AnonymousSeptember 27th 2010.

What a lovely letter from Terry Hands, who was the first artistic director at the Everyman all those years ago - and I have to say what a touching little article. Fair brought a tear to this eye!

Professor ChucklebuttySeptember 27th 2010.

The Everyman !! Of course, I should have realised. Five hours I waited outside the Unity. Blimey, so if it's not the Unity they are going to demolish...I'd better get back up there with my handcart and return the lead and slates from the roof. Then again these open air productions are all the rage. I very much enjoyed "A midsummer nights punch-up" in Sefton Park. Nevertheless, a bit of important cultural history, about to be lost forever. A place where you could take those first steps out into the scary world, without feeling scared. It's a bit sad innit.

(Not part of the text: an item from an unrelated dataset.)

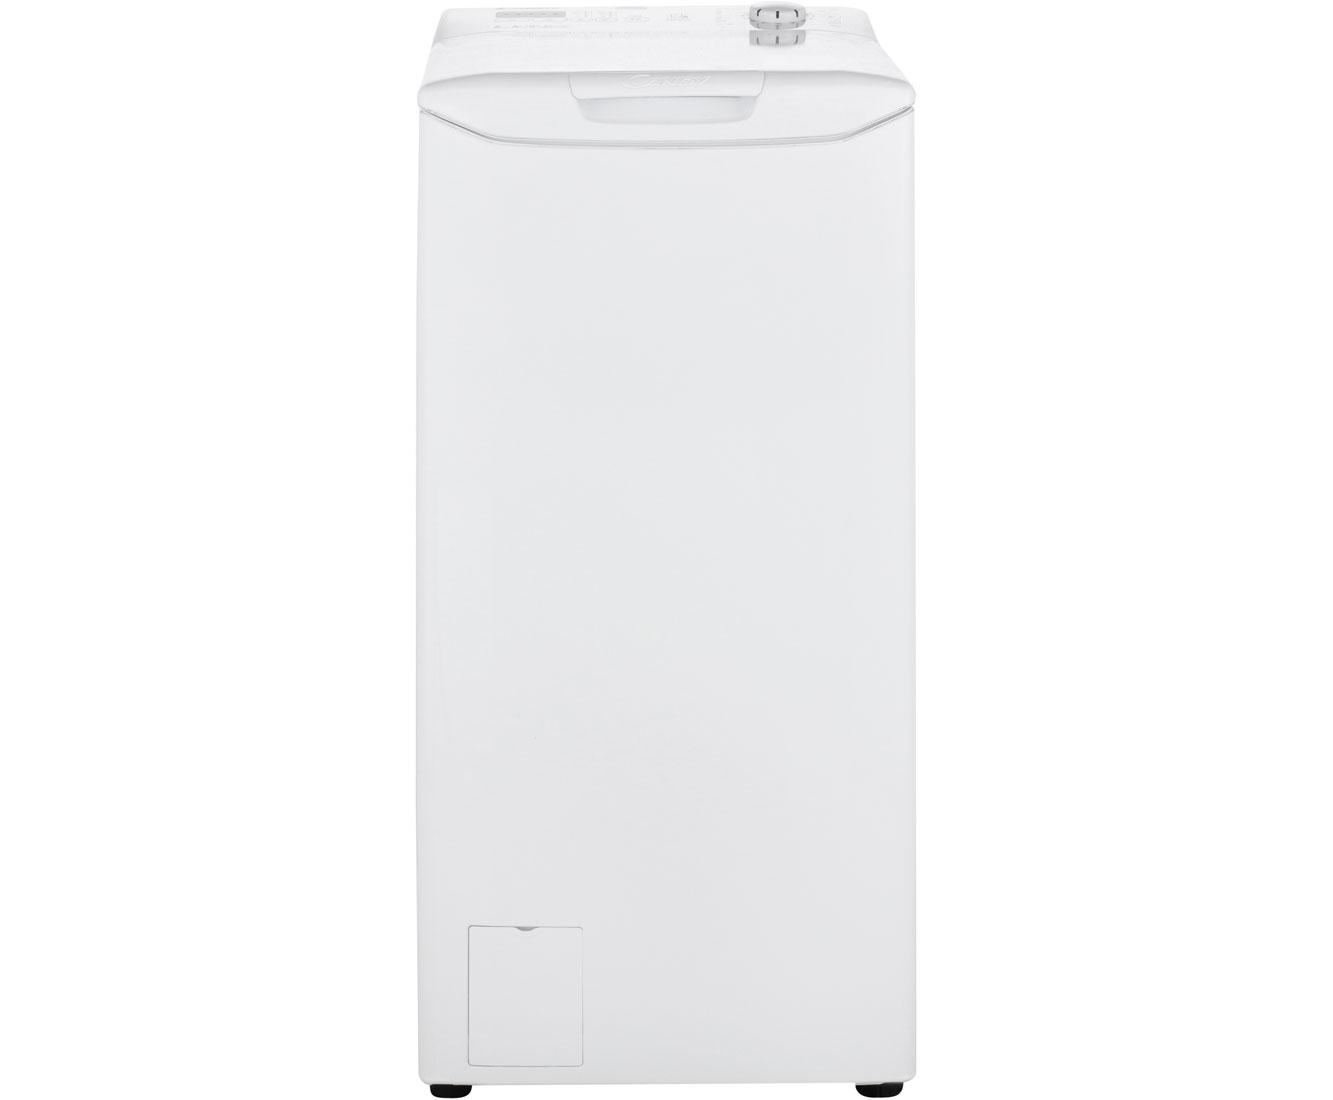 Candy Cst 362l S Waschmaschine Weiß Toplader 6 Kg 1200 Umin A

Mike NearySeptember 28th 2010.

Great to see Brian Farrell, John Louis and Dave Dover playing superbly earlier in the day. They built their set around stuff that had been played there the night the place opened and in the first years of Hope Hall which of course sounded brand new. Along with Alan Peters, they took the 3rd room crowd through some of the Sunday night highlights down the years including the night Alexis Corner played the 3rd room with Elton John and Rod Stewart as support, John Sessions and Mike Myers doing stand up years later... real high point of the day.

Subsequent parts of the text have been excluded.